Jazz Review: Pianist Kenny Werner — Teaching “Effortless Mastery”

“The problem is that more people get lost going to music school than get found.”

An Evening with Kenny Werner and Friends at Berklee Performance Center, Boston, MA, on February 2.

Kenny Werner at the piano. Photo: courtesy of Jason M. Rubin

Kenny Werner at the piano in the Berklee Performance Center. Photo: Berklee College of Music.

By Jason M. Rubin

Show, don’t tell. That broadly applicable maxim was on full display at Berklee Performance Center recently, when jazz pianist Kenny Werner and his very gifted friends gave a riveting ninety-minute performance that was intended as a celebration of the 20th anniversary of Werner’s 1996 book, Effortless Mastery: Liberating the Master Musician Within. For the audience, however, there was a whole lot of incredible music to enjoy, but very little talk about the book. Which, I’m sure, no one there was particularly disappointed about.

I was fortunate, though, to have been invited to a pre-show reception during which Werner did do the telling. In fact, he didn’t even have the book itself to show, since printing problems with the new 20th-anniversary edition has led to a delay in its release.
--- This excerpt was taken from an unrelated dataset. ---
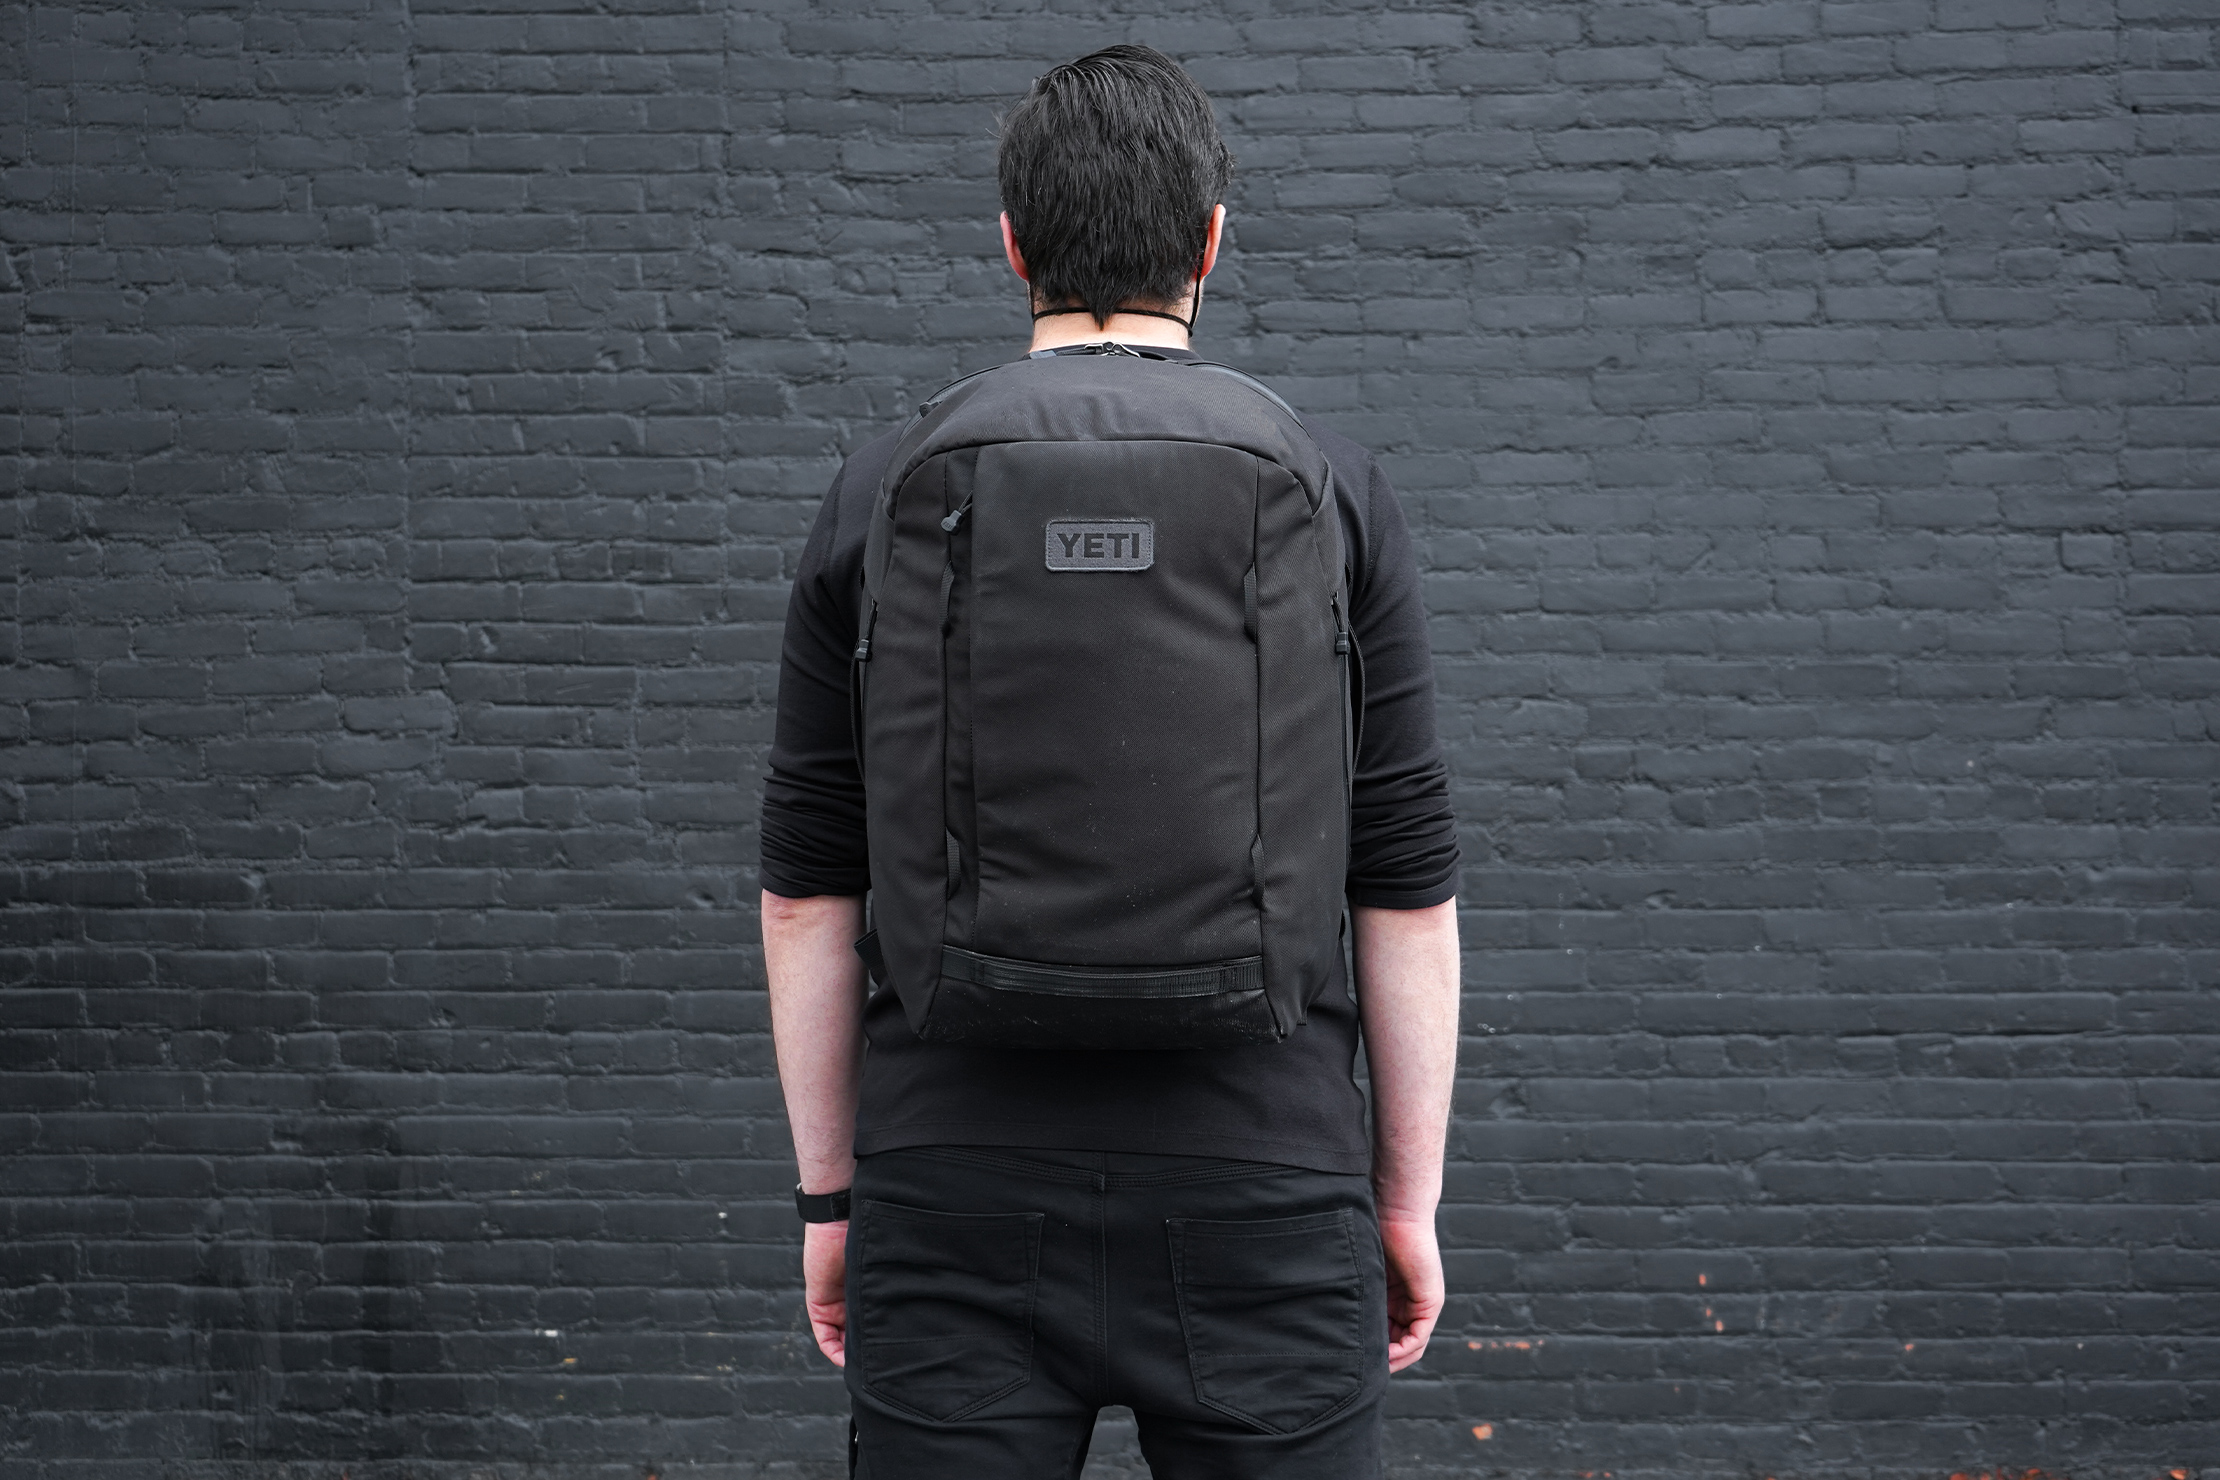 Yeti Crossroads 35L Backpack Review: Pricey But Made to Last

No matter, his remarks were illuminating and his performance only added additional light.

“There is a condition I call MSD: Music School Disease,” he explained. “The problem is that more people get lost going to music school than get found. They are blasted with concepts and are expected to advance at an unrealistic pace. Obsessed with playing well and surrounded by brilliant talent, they learn not to trust their own instincts.”

Compiling insights and ideas from his own life and career, he composed Effortless Mastery to help musicians heal themselves by broadening their perspective and exploring the spiritual, psychological, mental, and physical aspects of music making. And if that approach seems to be a slap at an institution like Berklee, bear in mind that Werner came to Berklee as a student in 1970. Furthermore, after a conversation with Berklee College of Music President Roger Brown, who was already a fan of the book, Werner was hired in 2014 to be artistic director of the College’s new Effortless Mastery Institute.
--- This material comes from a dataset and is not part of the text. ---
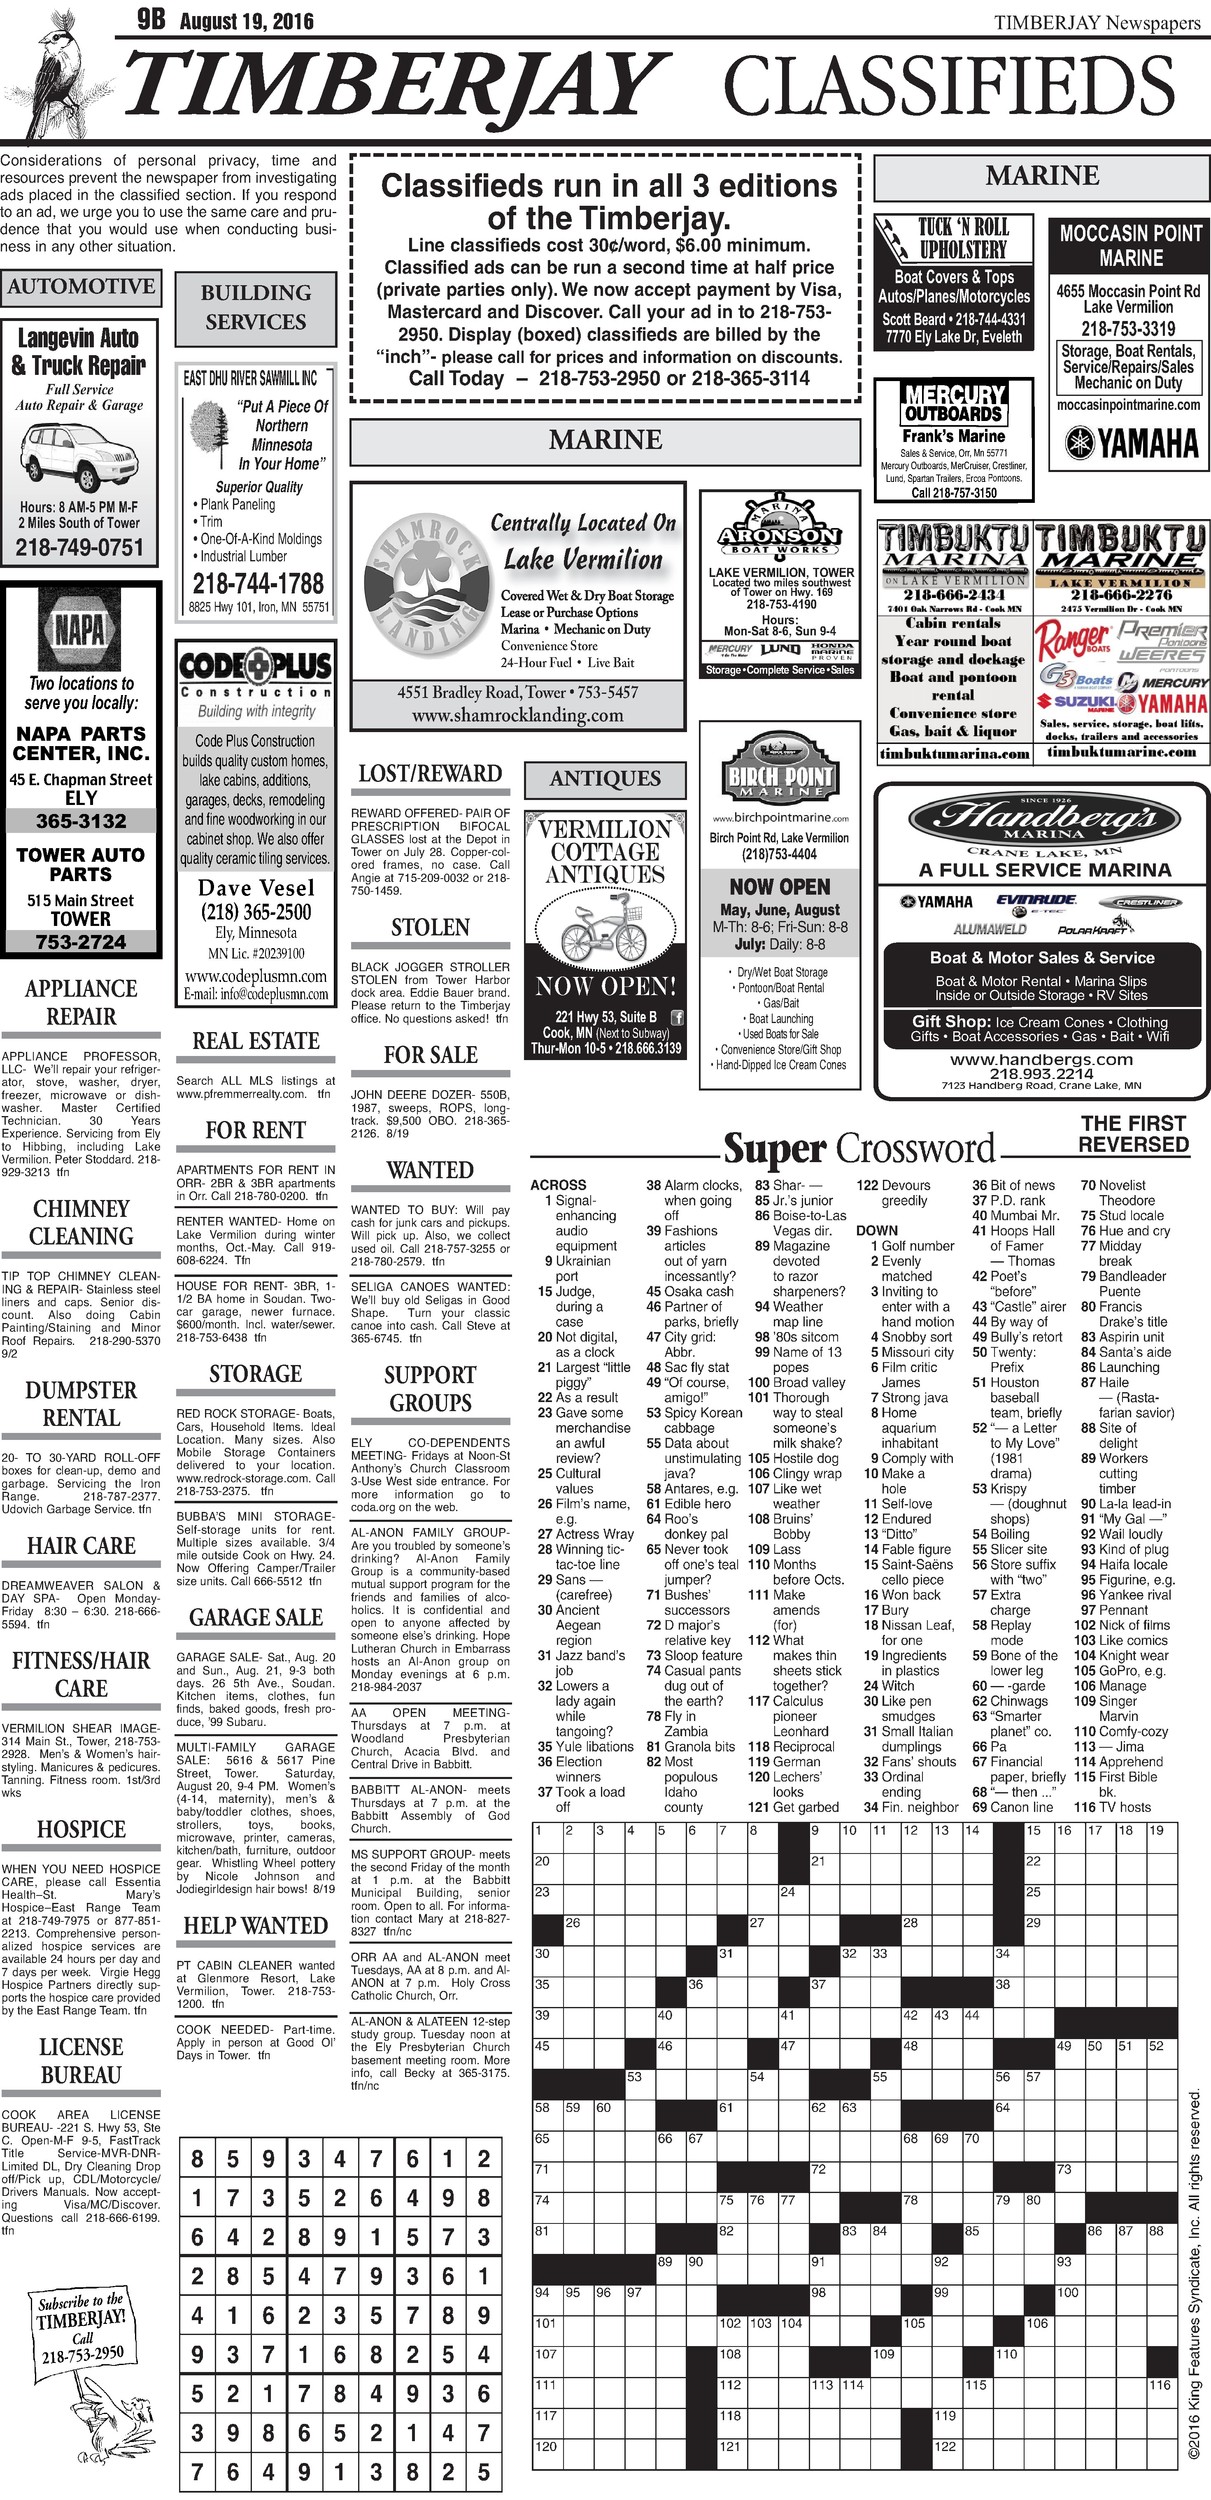 Click here to download the legal notices and classifieds from page 9B

“In the Institute we get students to love their sound,” said Werner. “We encourage them to make mistakes, to play carelessly. They begin to understand where they really are as a player, and the fear goes away.”

Using a range of mind-body strategies, such as the Alexander Technique, body mapping, tai chi, and yoga, students in the Effortless Mastery Institute are taught to overcome obstacles that keep them from performing at their best.
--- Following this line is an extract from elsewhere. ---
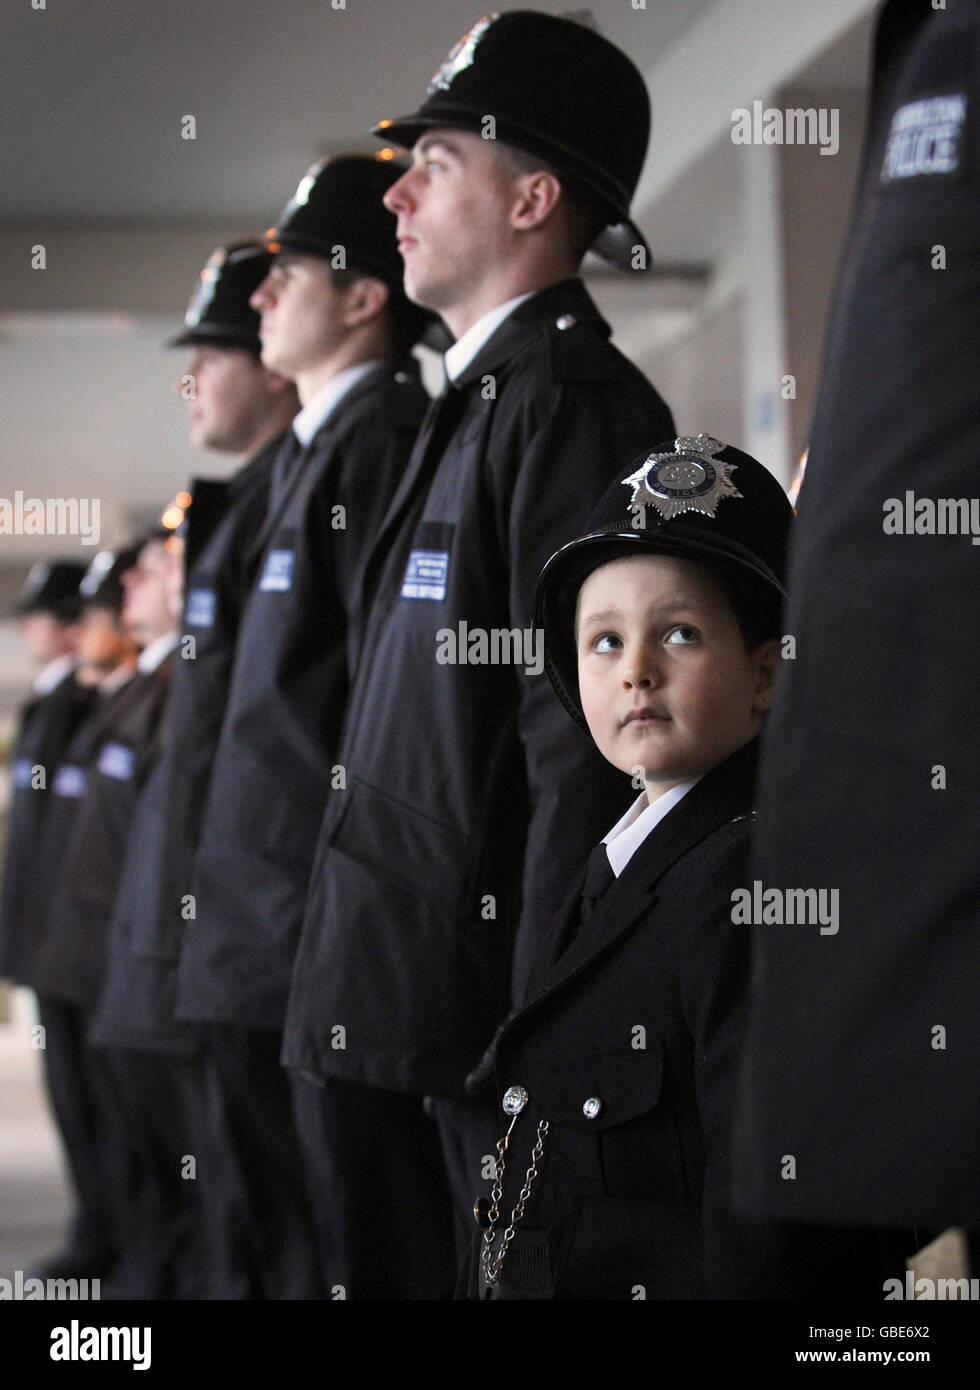 Six year-old Oscar (bottom right) from north London joins a police parade at Hendon Police training college. Stock Photo

“To play better you have to be healthier,” he said. “Some people give up a career as a performer to do music therapy; this is music therapy for the performer.”

Following the reception, the concert began with Werner entering the stage alone and playing a solo improvisation that incorporated “Somewhere” from the musical West Side Story. Werner, sympathetic to if not a card-carrying member of the Third Stream, has an endearing habit of raising his left hand at times to sort of “conduct” his right hand. He is a fluid player who shapes space as well as sound, employing sudden changes in tempo and dynamics.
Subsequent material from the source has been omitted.